Running a business is different from leading a business. In fact, it’s almost not even a component of leading a business today. There are several reasons for this.

A year ago in August 2019, a business roundtable in Washington, presided over by Barak Obama, agreed that companies should commit to balancing the needs of shareholders with customers, employees, suppliers and local communities and that profits were not the goals of the modern corporation. How refreshing.

Secondly, in a world where influence and opinion changes direction, like a shoal of fish being chased by a shark, the leader of a business has a role to manage the perception of the company whilst maintaining the focus on the strategic horizon (basically being who they say they are).

People running the company are the pawns to the strategists which is why I always feel a sense of pique when I read that the chief financial officer has stepped up to replace the chief executive officer in a company.

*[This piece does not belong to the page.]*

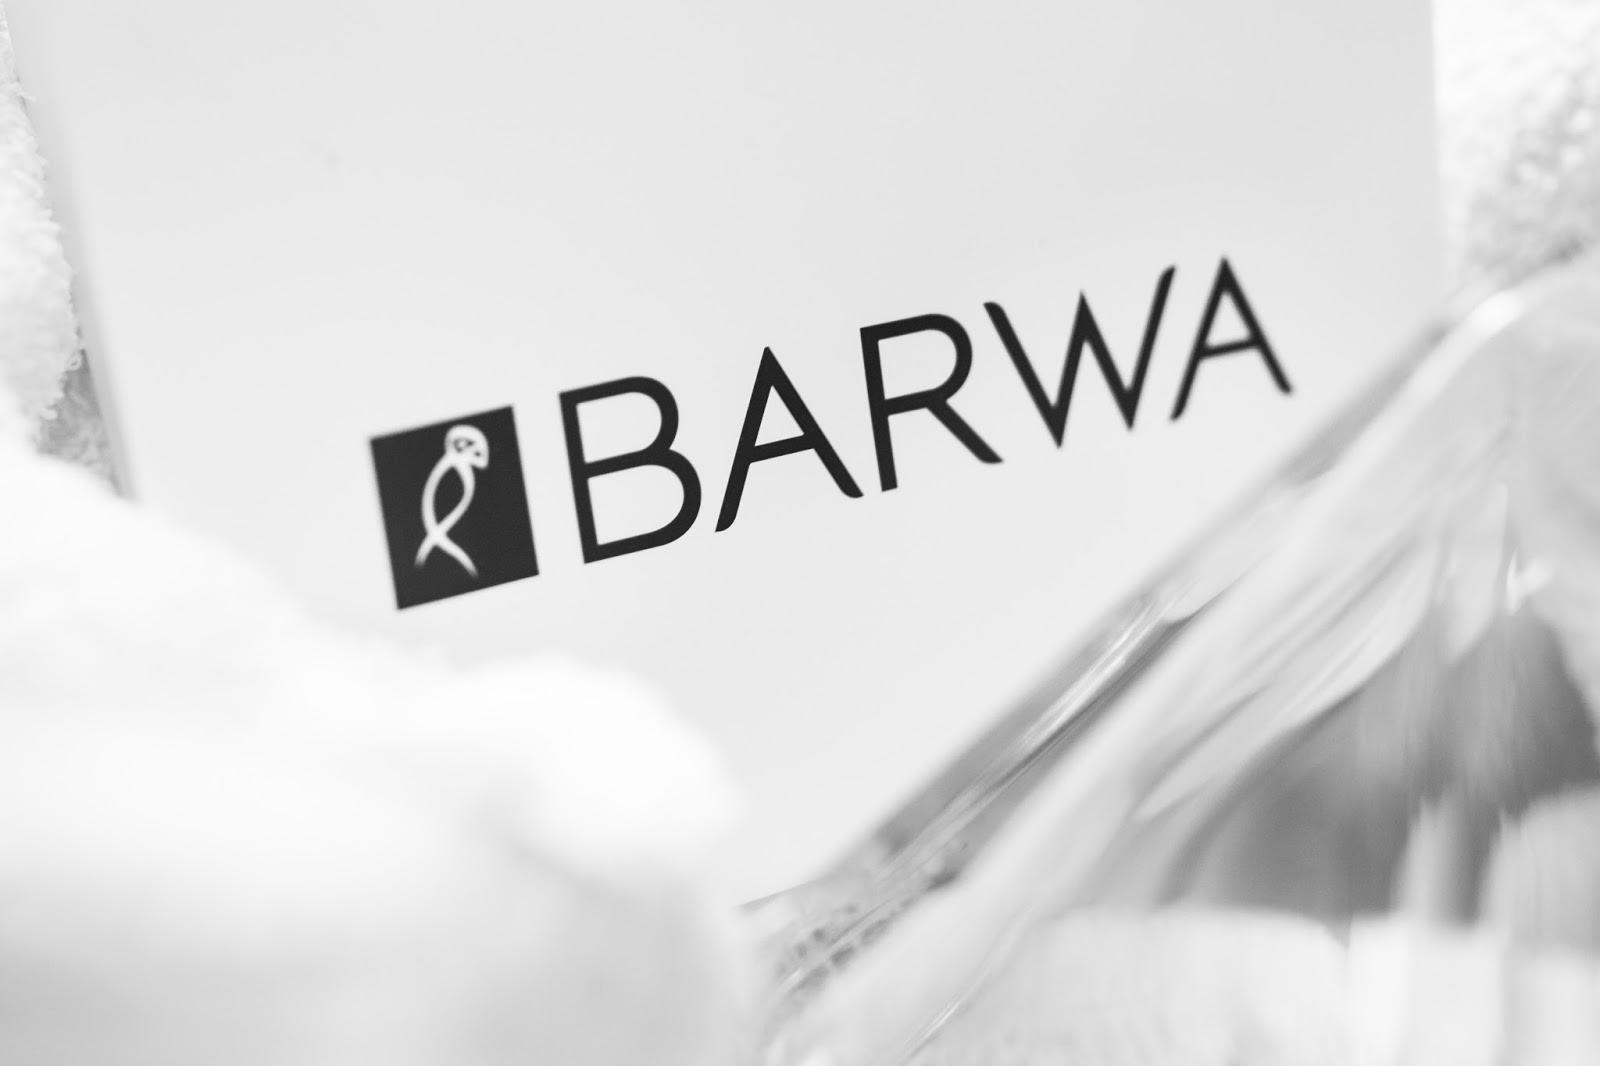 BARWA SIARKOWA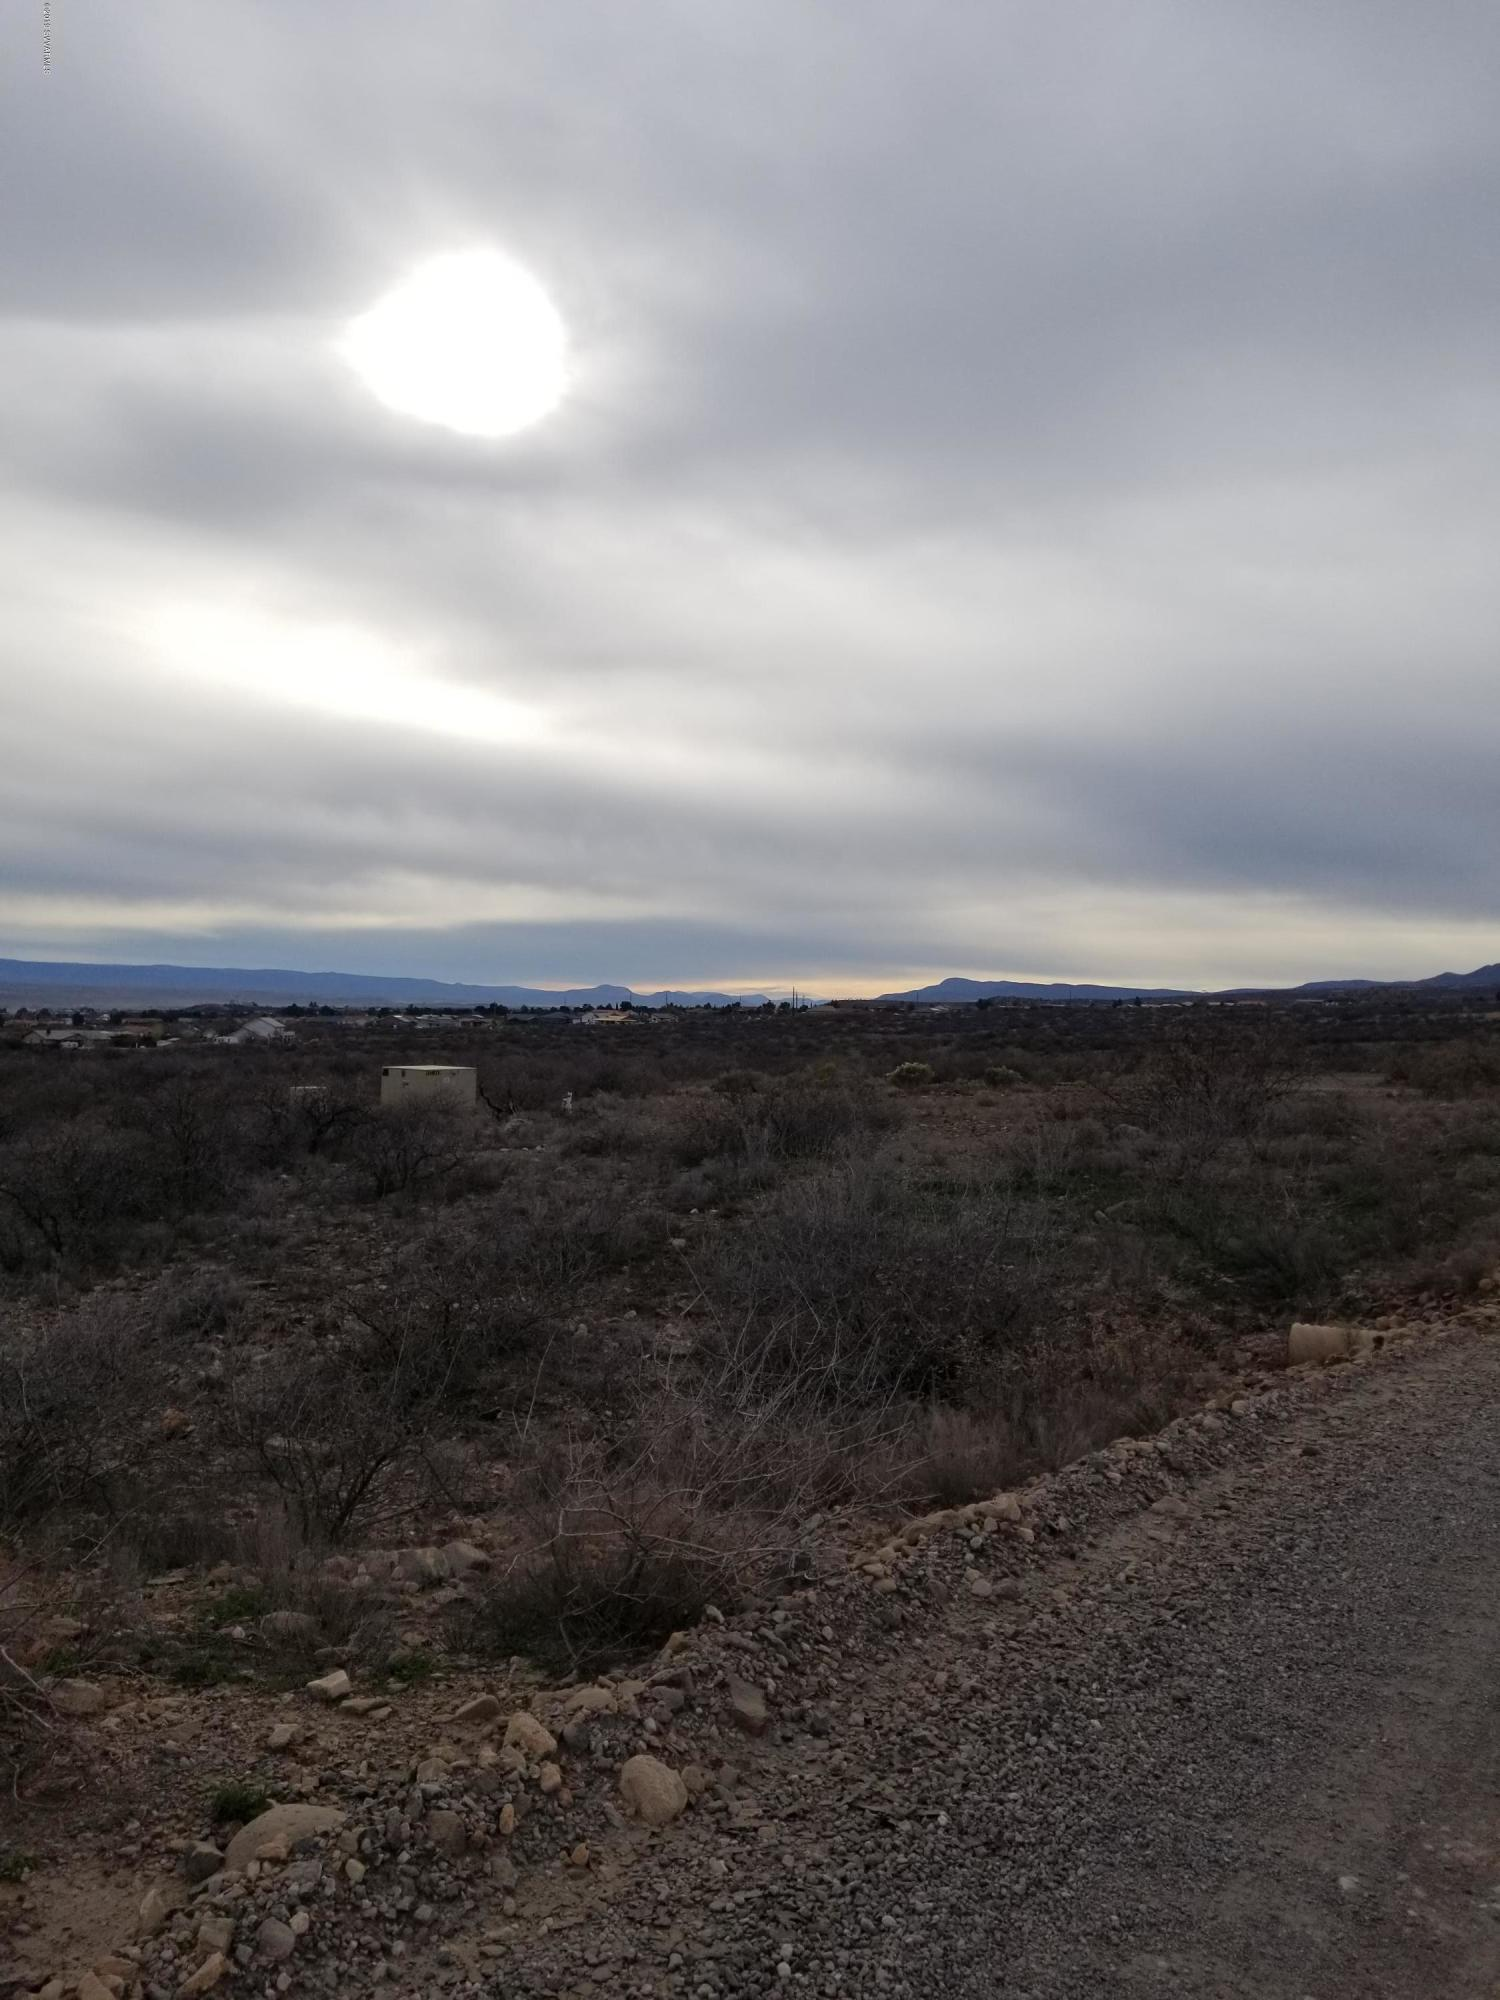 Minerich Clarkdale, AZ 86324

That’s not to say that chief financial officers don’t make great chief executive officers but if the life of the chief financial officers has been through the singular lens of the bottom line and leading a company is about trudging all-terrain to the horizon, I question the skills of the chief financial officers in being able to step up, do that and lead with a longer-term vision in mind.

And this isn’t to say that chief executive officers don’t have a clue about the numbers. Their job IS to deliver the growth and profitability but not at the expense of what the company stands for. And what the company could be.

Aside from the basics, the skills in running creative/strategic businesses and brand relationships across geographies and cultures are rooted in a range of intensely personal skills and the outcomes and effects of those skills.

Start with the first requirement of anything that involves leading human beings – empathy.

If you look back across time to the greatest military leaders of the past, they all possessed empathy to the extent that their followers would walk on hot coals for them.

They weren't soft touches either – Hannibal and his Carthaginians defeated the Romans in 216BC in Cannae in Southern Italy through a deft combination of strategic and tactical brilliance, motivation, vision and belief.

Then there was Henry V at Agincourt and perhaps more portentously, at the Battle of Chancellorsville in 1863, where General Robert E Lee led one of the greatest military victories of the American Civil War.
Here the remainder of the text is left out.